Explicit dynamic analysis: Explicit direct-integration dynamic analysis (“Explicit dynamic analysis,” Section 6.3.3) is available in ABAQUS/Explicit.
Direct-solution steady-state harmonic response analysis: The steady-state harmonic response of a system can be calculated in ABAQUS/Standard directly in terms of the physical degrees of freedom of the model (“Direct-solution steady-state dynamic analysis,” Section 6.3.4). The solution is given as in-phase (real) and out-of-phase (imaginary) components of the solution variables (displacement, stress, etc.) as functions of frequency. The main advantage of this method is that frequency-dependent effects (such as frequency-dependent damping) can be modeled. The direct method is the most accurate but also the most expensive steady-state harmonic response procedure. The direct method can also be used if nonsymmetric terms in the stiffness are important or if model parameters depend on frequency.
Subspace-based steady-state harmonic response analysis: In this type of ABAQUS/Standard analysis the steady-state dynamic equations are written in terms of a vector space spanned by a number of eigenvectors (“Subspace-based steady-state dynamic analysis,” Section 6.3.9). The eigenmodes of the system extracted in a frequency extraction step are used as the global basis vectors.
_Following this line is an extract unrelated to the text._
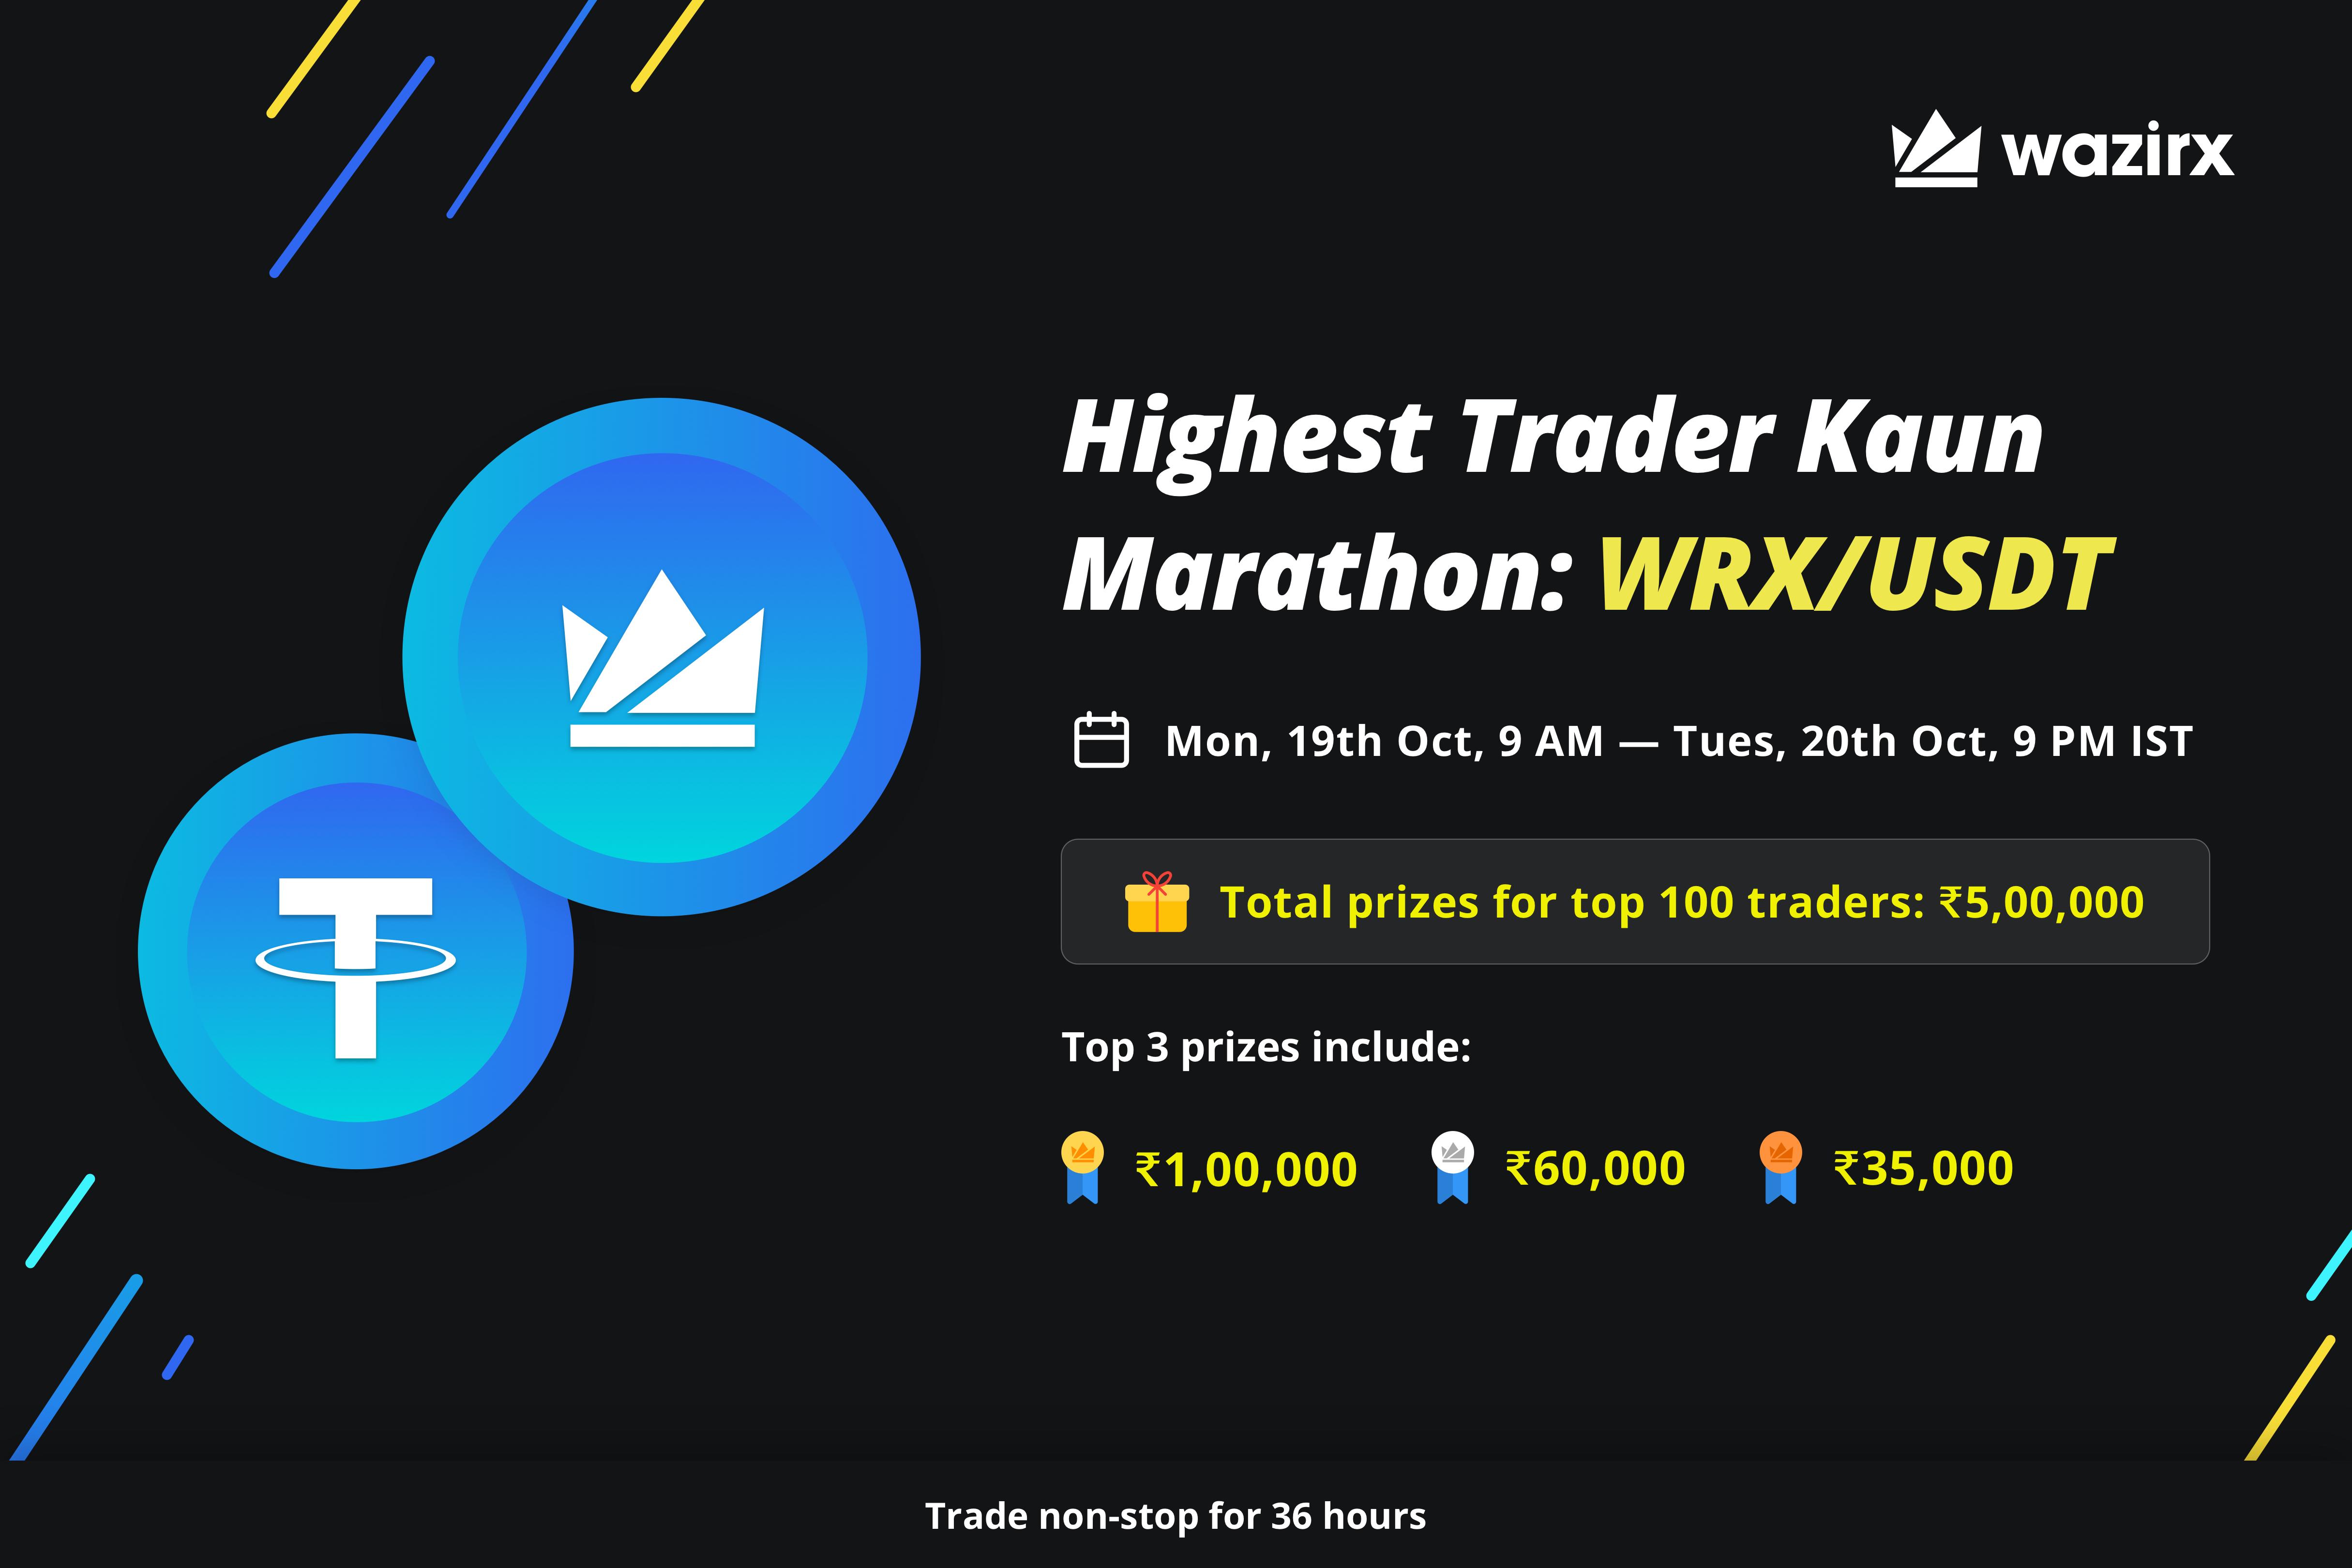 Highest Trader Kaun Marathon: WRX/USDT

The method is attractive because it allows frequency-dependent effects to be modeled and is much cheaper than the direct analysis method (“Direct-solution steady-state dynamic analysis,” Section 6.3.4). Subspace-based steady-state harmonic response analysis can be used if the stiffness is nonsymmetric.
The following procedures are available only in ABAQUS/Standard:
Frequency extraction: The natural frequencies of a system can be extracted using eigenvalue analysis (“Natural frequency extraction,” Section 6.3.5). Frequency extraction is required prior to any of the mode-based procedures.
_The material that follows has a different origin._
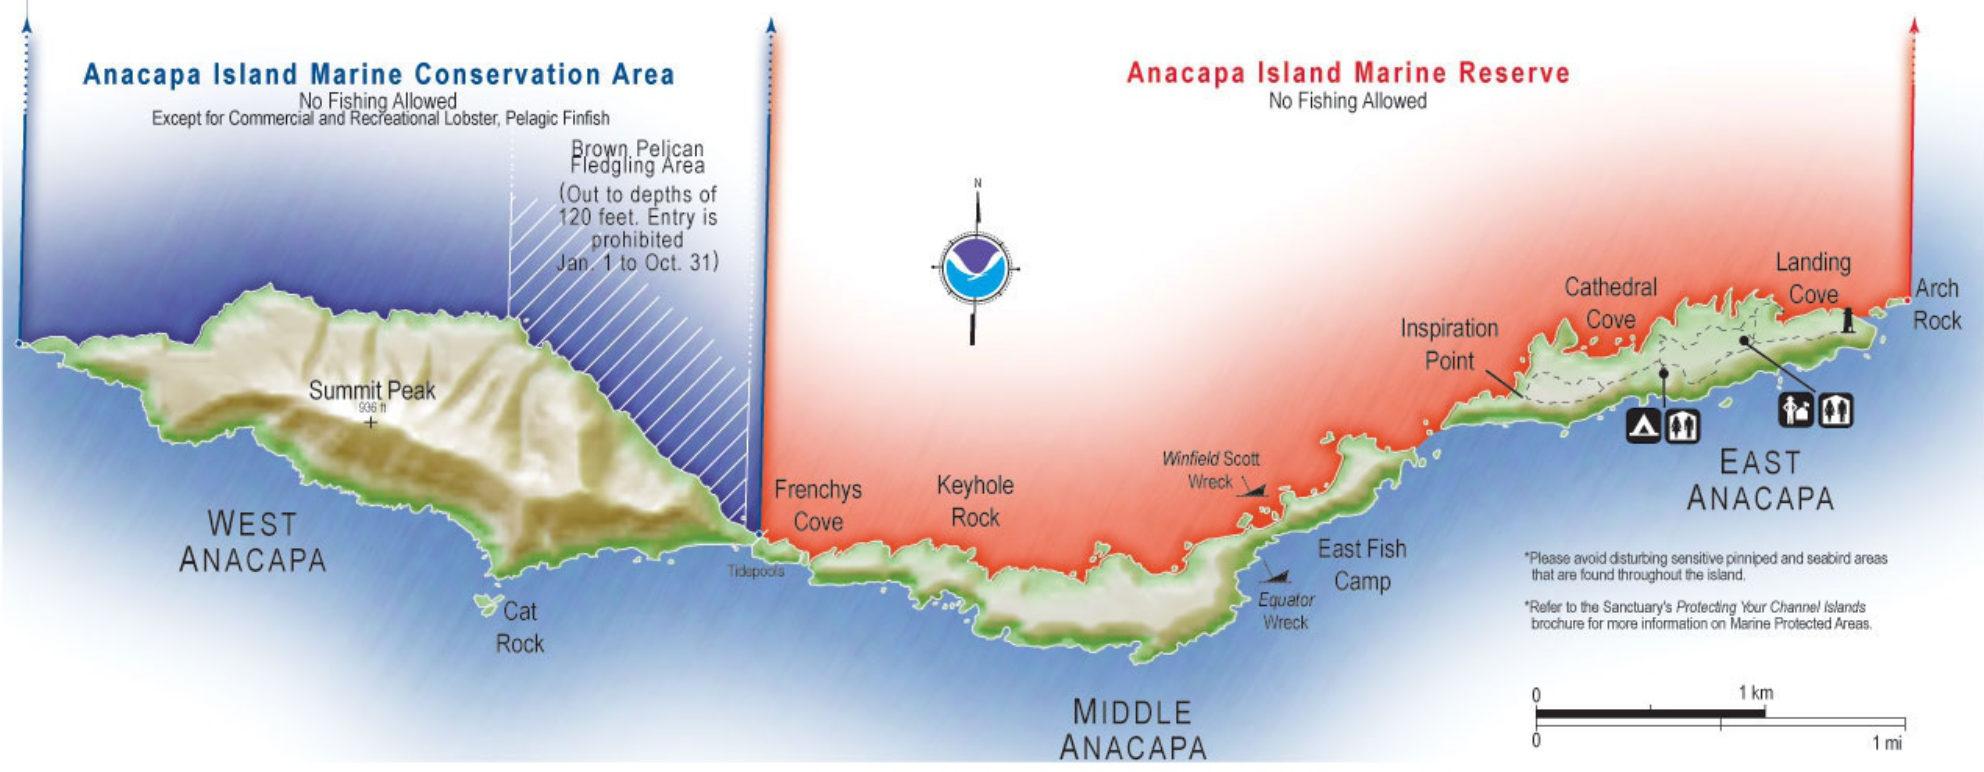 anacapa-island-map.jpg

Modal dynamic time history analysis: The modal dynamic procedure (“Transient modal dynamic analysis,” Section 6.3.7) provides dynamic time history response for linear problems using modal superposition. A frequency extraction must be performed in a step prior to the modal dynamic step.
Mode-based steady-state harmonic response analysis: A steady-state dynamic analysis based on the natural modes of the system can be used to calculate a system's linearized response to harmonic excitation (“Mode-based steady-state dynamic analysis,” Section 6.3.8). This mode-based method is less expensive than the direct method. The solution is given as in-phase (real) and out-of-phase (imaginary) components of the solution variables (displacement, stress, etc.) as functions of frequency. When the response is based on modal superposition, a frequency extraction must be performed first.
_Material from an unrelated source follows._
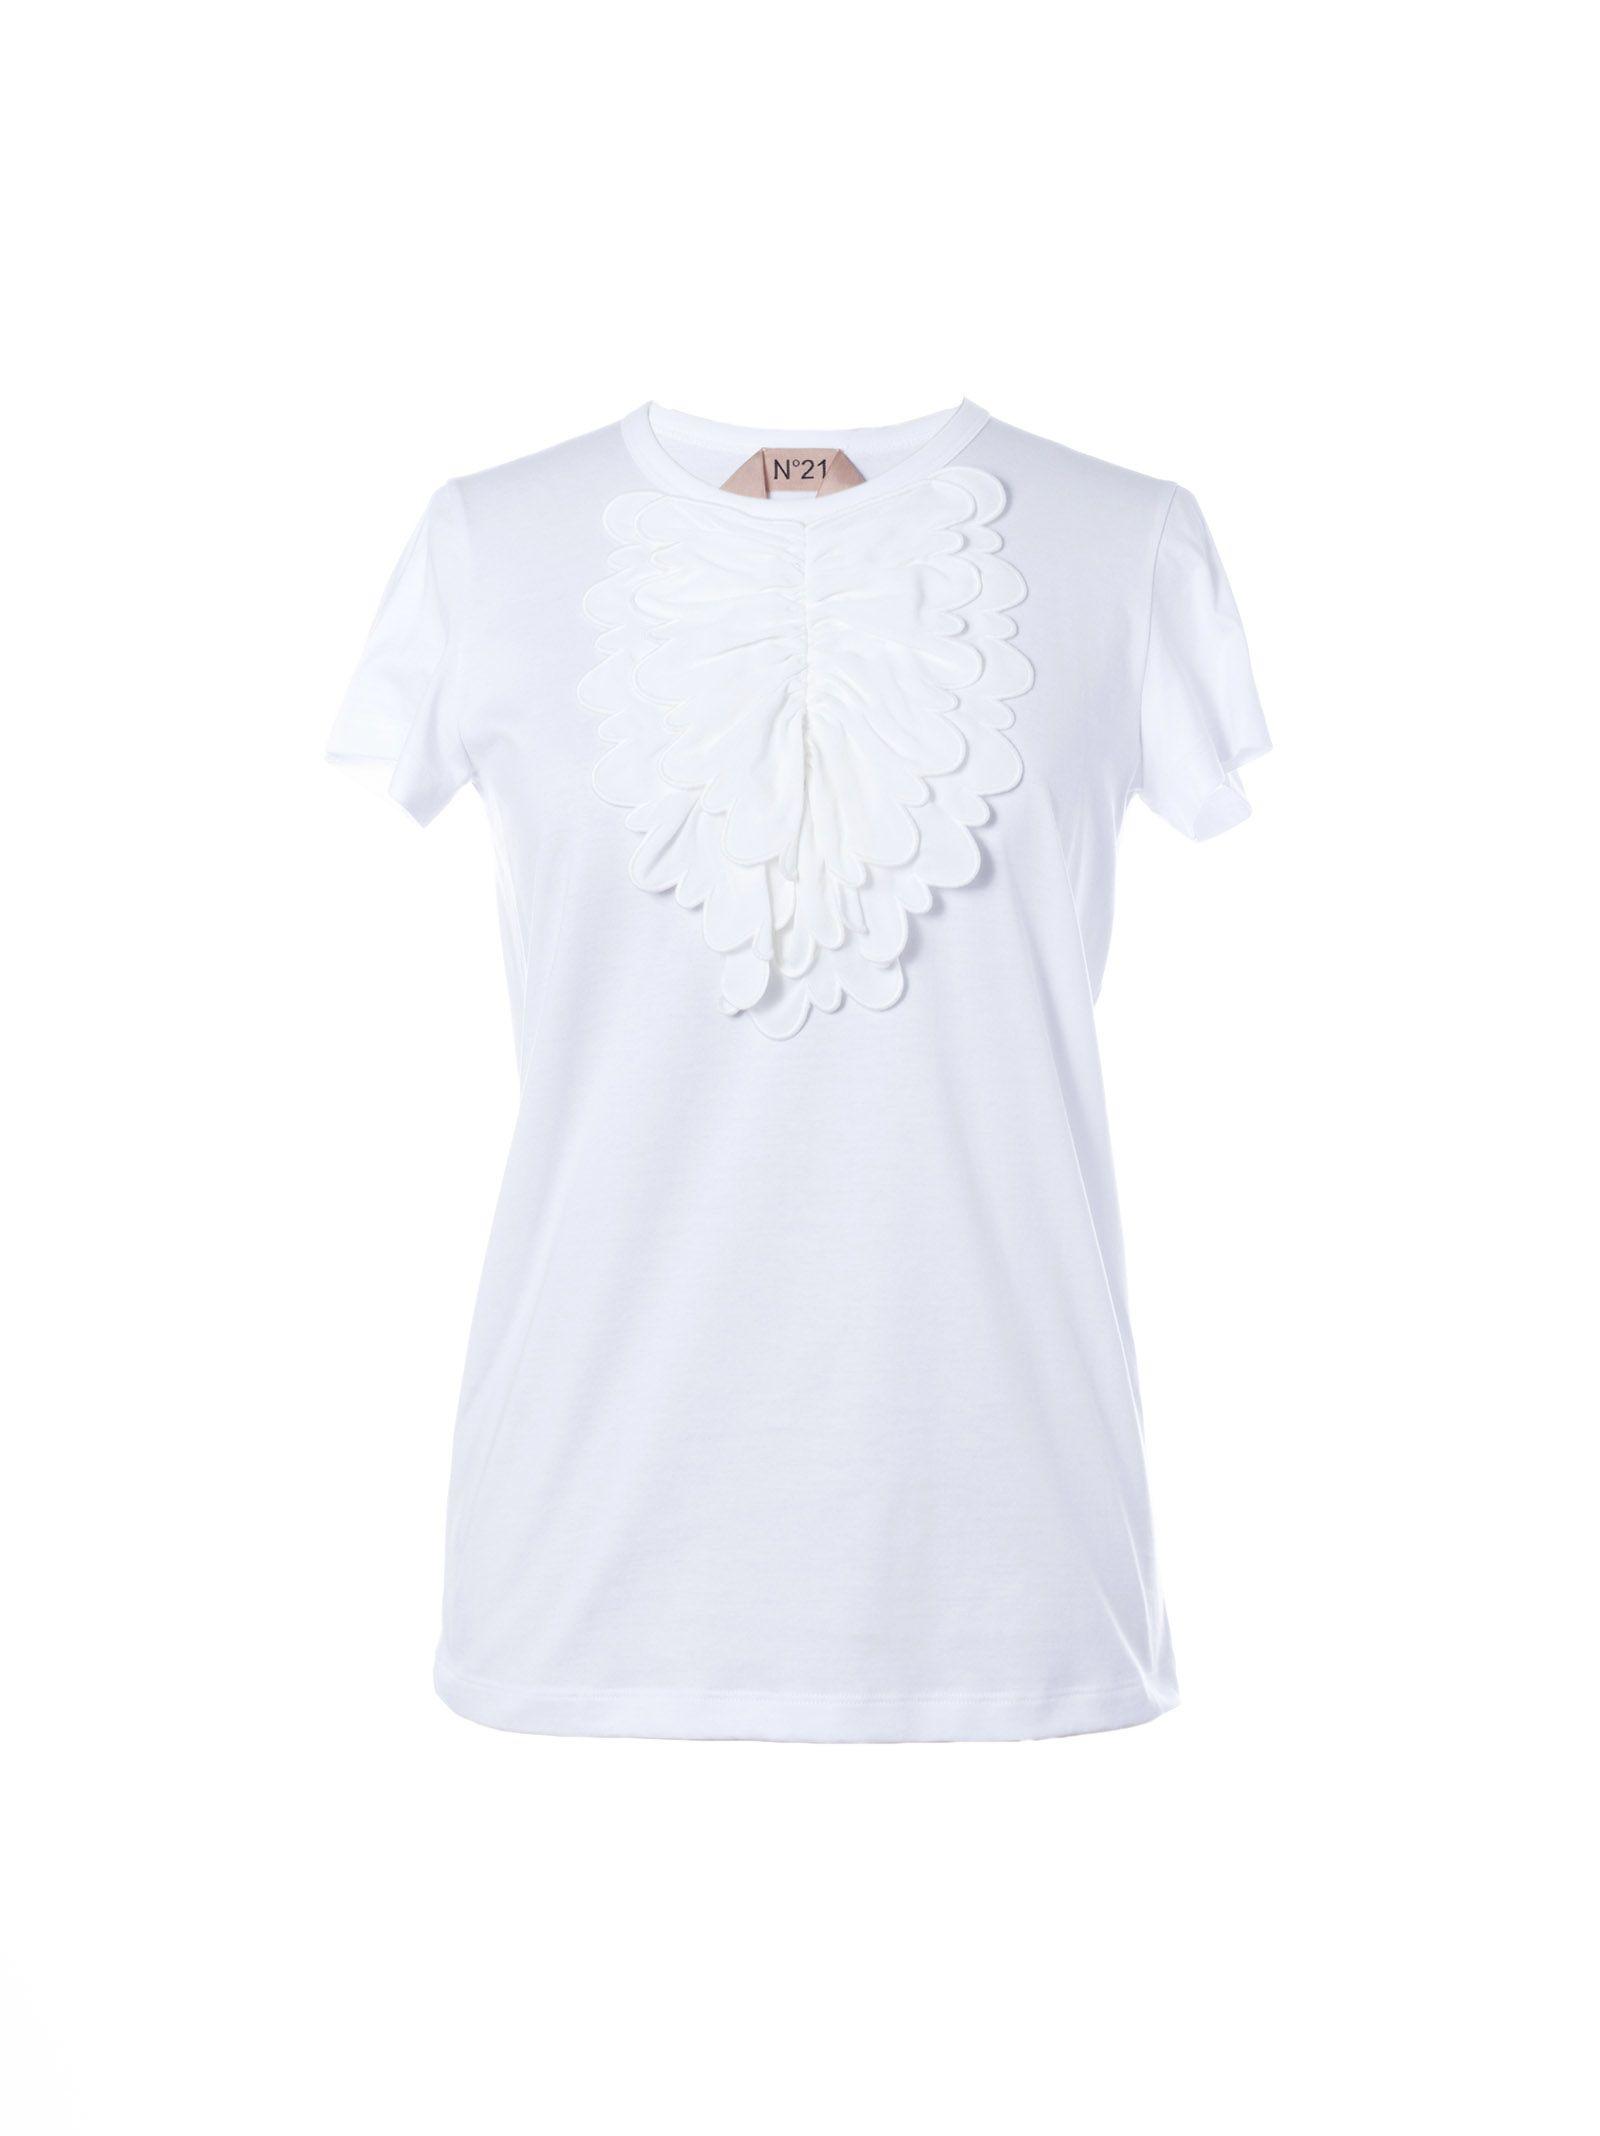 N.21 Scalloped Bib T-shirt

Response spectrum analysis: A linear response spectrum analysis (“Response spectrum analysis,” Section 6.3.10) is often used to obtain an approximate upper bound of the peak significant response of a system to a user-supplied input spectrum (such as earthquake data) as a function of frequency. The method has a very low computational cost and provides useful information about the spectral behavior of a system. A frequency extraction must be performed in a step prior to the response spectrum step.
Random response analysis: The linearized response of a model to random excitation can be calculated based on the natural modes of the system (“Random response analysis,” Section 6.3.11). This procedure is used when the structure is excited continuously and the loading can be expressed statistically in terms of a “Power Spectral Density” (PSD) function. The response is calculated in terms of statistical quantities such as the mean value and the standard deviation of nodal and element variables. A frequency extraction must be performed in a step prior to the random response step.